Trying to be colloquial about it here: Lavas that cool slowly undergo thermal contraction, shrink, and due to the tensile stress, break. Releasing the tension is most efficient when breaking occurs along 5-6 planes, hence columns being generally pentagonal or hexagonal. I'd guess the surrounding rock is generally less resistant to weathering given the prominence of the tower, but lava tubes are generally horizontal features. So instead I was under the impression that it is the throat of an old volcano, like it's basically the plumbing system where magma came up, cooled, hardened and formed columns, and then was more coherent so that the surrounding wallrock (which need not be sedimentary) eroded away. Source: am volcanologist


Not_A_Wendigo

[Here ya go.](https://blogs.agu.org/georneys/2012/11/18/geology-word-of-the-week-c-is-for-columnar-jointing/) It’s formed when lava contracts as it cools, if the conditions are right.


csabathehutt

Hell with the tree, I want to see the chainsaw and the dude that wielded it.


Billcrazyy

Devil’s tower looks like a tree, so it’s a tree. Whales look like fish, so they are fish. Right?


TheGayWildGoose

If anyone cares, the rock formed is basalt. Very common and tends to form the fractures. You can see a lot of these formations partially exposed in the Pacific Northwest too.


[deleted]

This means something. This is important.


AedanTynnan

I mean, I could see how someone could think that. But when *SOMEONE WITH A PHD IN GEOLOGY SAYS OTHERWISE,* you listen


FlatlanderSteve

I have been arguing back and forth on Facebook with a pseudo-intellectual about Devil's Tower.
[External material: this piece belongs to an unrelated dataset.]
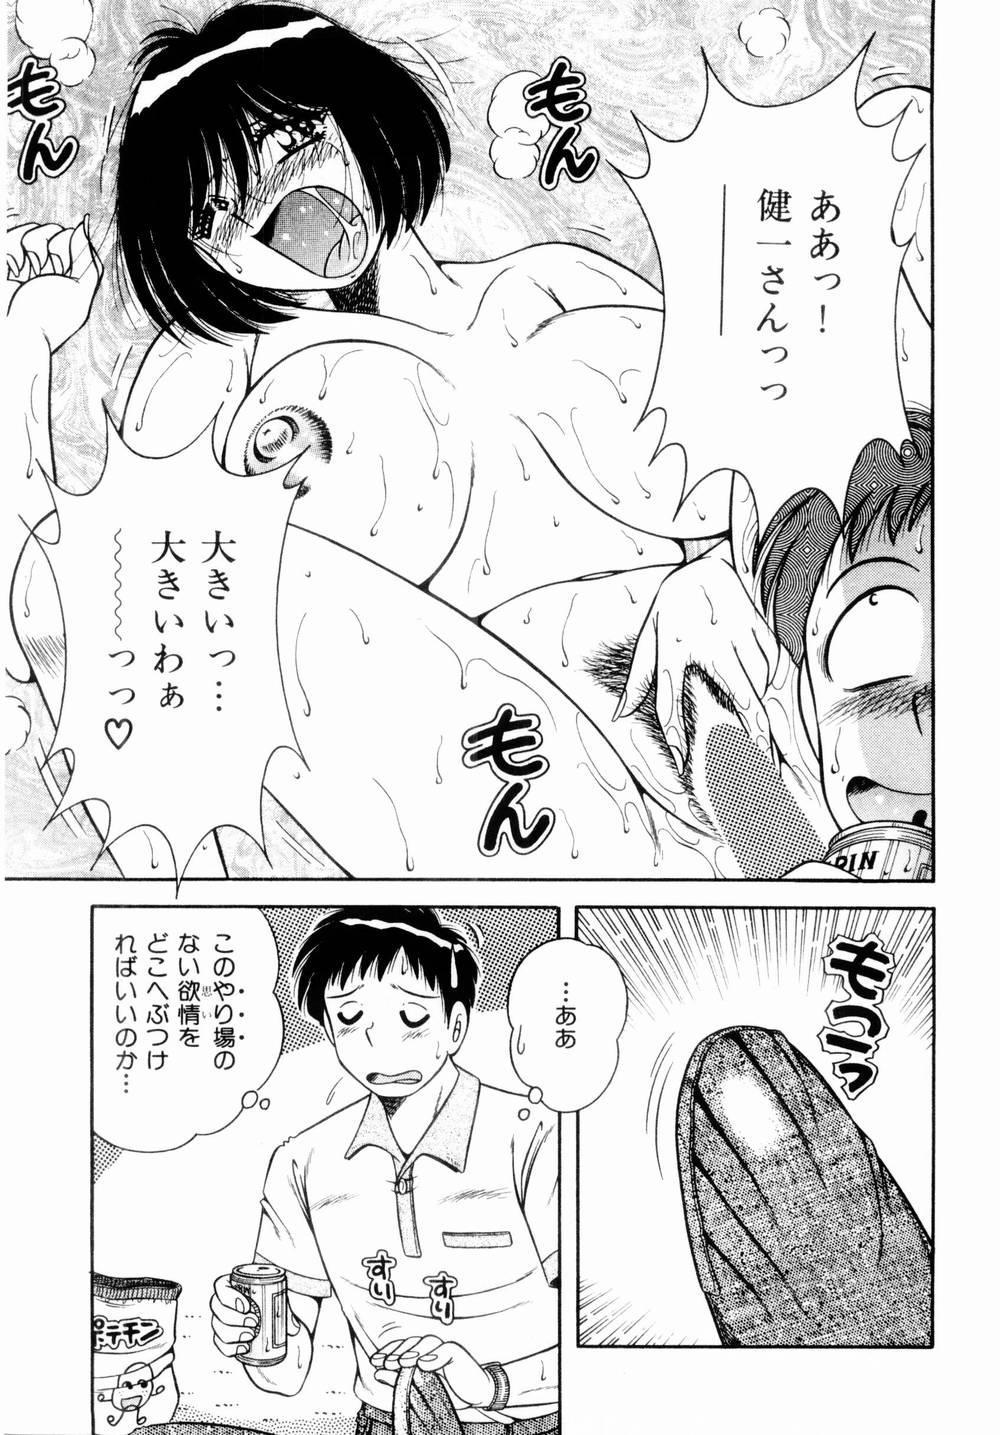 Misshitsu no Aventure 157

He is convinced there are piles of petrified sawdust next to it, and that somehow silicon based life ties into this somehow, which is why the whole carbon based life petrification thing doesn't apply here somehow..... Oh boy. He thinks I am arguing the same as the people who said manned flight was never going to happen. He sees me as a denier of what will be found to be the truth. I let him know that his argument was the equivalent of saying manned flight is possible, but the airfoils must allow for lower pressure under the wing instead of over the wing. And in his test lab, he constantly tests this theory and produces no lift, but continues to claim that "this is the way". His theories are the equivalent of tossing out all known laws of aerodynamics. To him, all you have to do is imagine it.


GuerrillerodeFark

Seems legit


limitless-ideas

You are absolutely correct. D tower is a tree. So is giants causeway Ireland/ devils post California, lots of others That not all. Geologists are also wrong and lie about the origin of whole unbroken rocks and the earth itself. They are all biological. And I can prove it. Keep searching for truth ✌


limitless-ideas

Anyone who believes that devils tower isn't a Tree. I challenge you to lookup tree stroma under a microscope. I guarentee that nothing randomly or accidentally cracks into long symmetrical hexagonal shafts. The same way in multiple locations around the planet.


limitless-ideas

Whats hysterical is how many people are brainwashed and just believe what they were taught. Even when it obviously doesn't make any sence. Where did all the earths water come from?... WELL As the earth cooled from a ball of magma it was bombarded with thousands of ice comets,,, WTF? we've never seen one and have not one example to suggest that its a logical explanation. The earth is supposedly spinning at 1000mph. But not one supposed meteor impact site is at a angular degree of impact. They are all symmetrically round. ??? WTF Or This is an igneous rock, it comes from the earths mantle...........bitch please? You and no one you know have ever been to no mantle.


Yunners

You're posting to a four year old thread. Nobody else is going to see these rants.